On the fifth of May, Deputy Coroner George Percival, in charge of the Shrivell-Marsh murder inquest, received a strange letter signed by one "William H. Murray". The handwritten piece subtly pointed to a Dr. Walter Harper of St. Thomas Hospital as being the killer of the two prostitutes on Stamford Street. At the same time, Dr. Joseph Harper of Barnstaple opened his mail to find a letter from this Murray accusing his son, Walter, of the same double murder. The author of the letter promised that for £156 he would destroy the evidence he had that conclusively linked Walter to the deaths.

The Harpers, a father and son team of surgeons who had an impeccable reputation as two of London's finest, hurriedly notified the police of the crackpot threat.

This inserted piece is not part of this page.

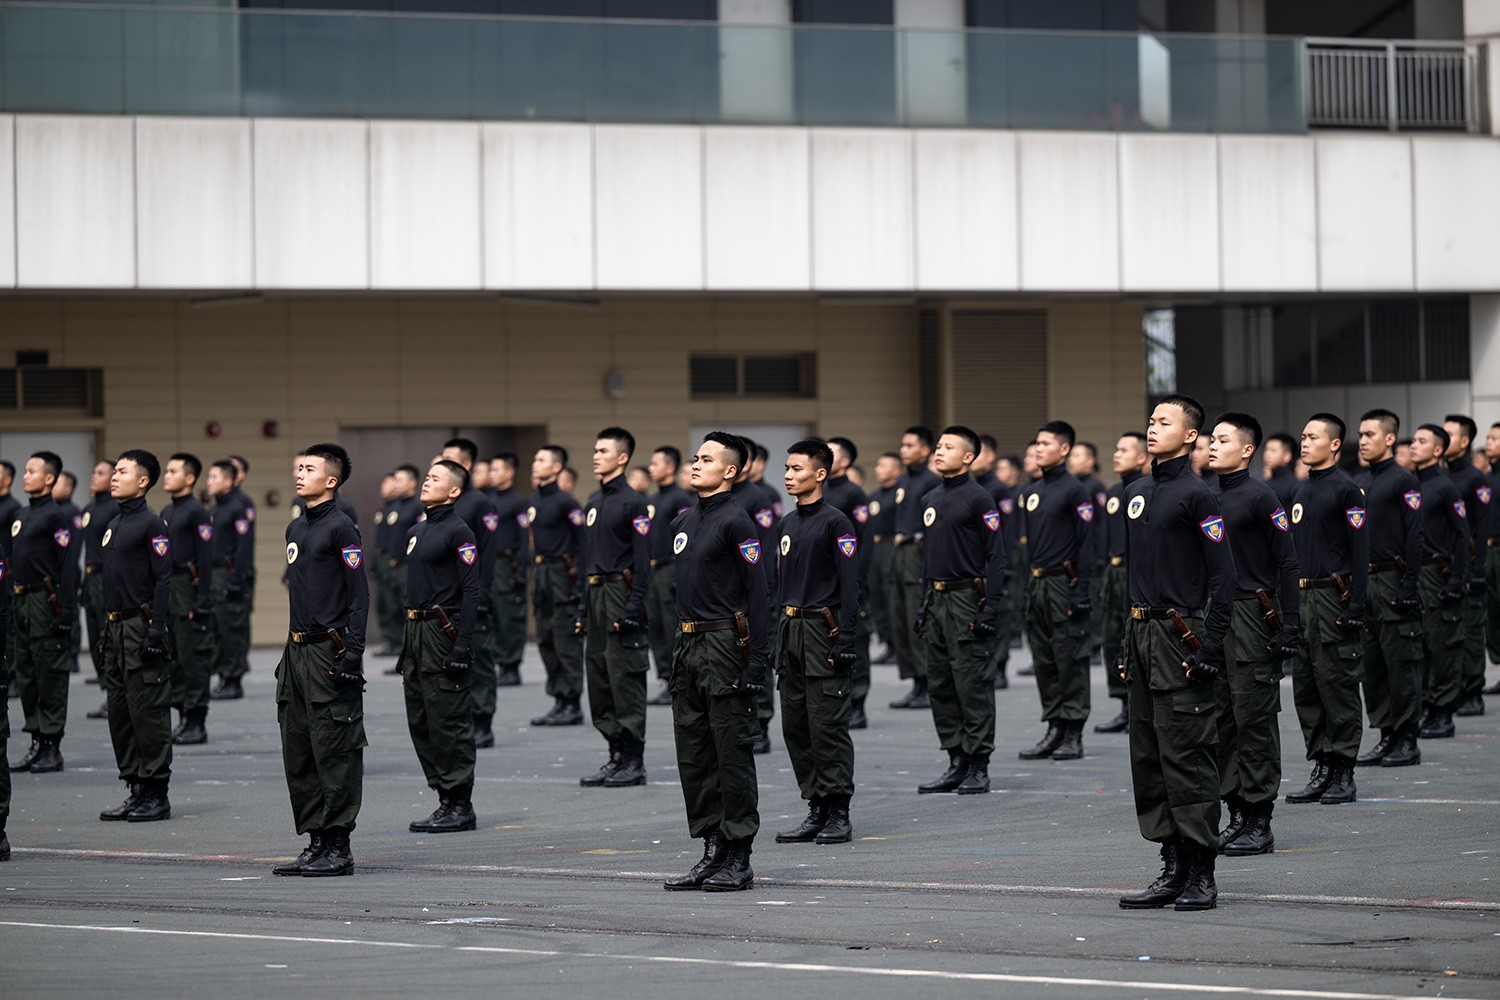 Trong buổi lễ kỷ niệm 50 năm ngày truyền thống lực lượng cảnh sát cơ động (15/4/1974 - 15/4/2024), nhiều người trầm trồ thán phục khi xem các chiến sĩ cảnh sát đặc nhiệm biểu diễn khí công
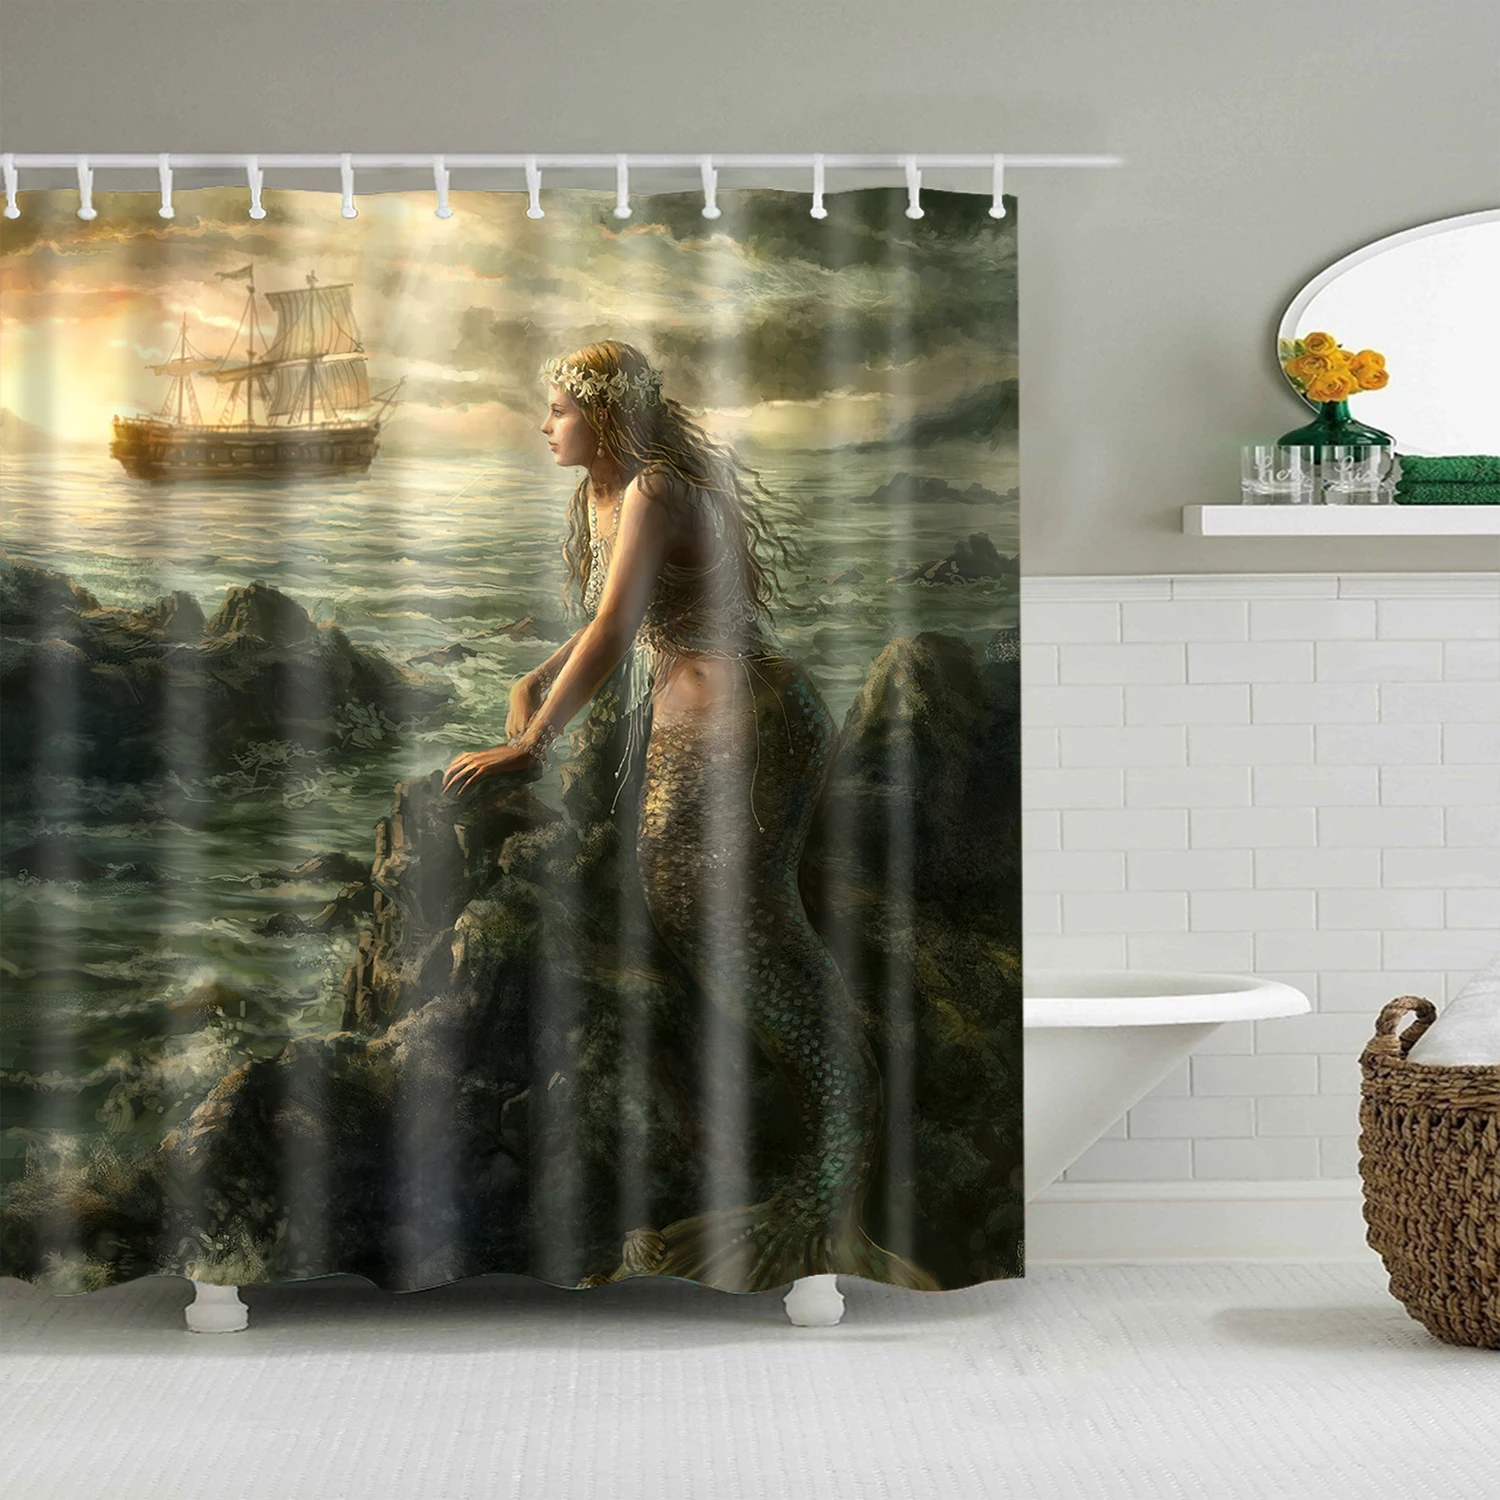 Картина маслом фантазия женщина портрет занавеска для душа s для ванной водонепроницаемый пользовательский ванная комната занавеска ткань для детской ванной Декор - Color: 16

The police, not in the least regarding the seriousness of both Murray letters, informed the accused Harpers not to worry, but to please notify them if the attempts at extortion continued.

Scotland Yard began wondering if this Murray might not be the same blackmailer who, under the pseudonym "A. O'Brien, detective," had written coroner Percival in October, accusing a popular Member of Parliament as the slayer of Ellen Donworth. Then, as now, the accused, Frederick Smith, also received a letter demanding a sum of money (£3,000) to stop him from taking his information to the Metropolitan Police.

Further investigation revealed that a phantom, "M. Malone," had tried, through the same form of arm-bending communication, to rouse £2,500 from two different people whom he defamed as the murderers of Martha Clover: a Dr. William Broadbent from Portland Square who practiced at St. Mary's Hospital, and a high-focus aristocrat, Lord Russell.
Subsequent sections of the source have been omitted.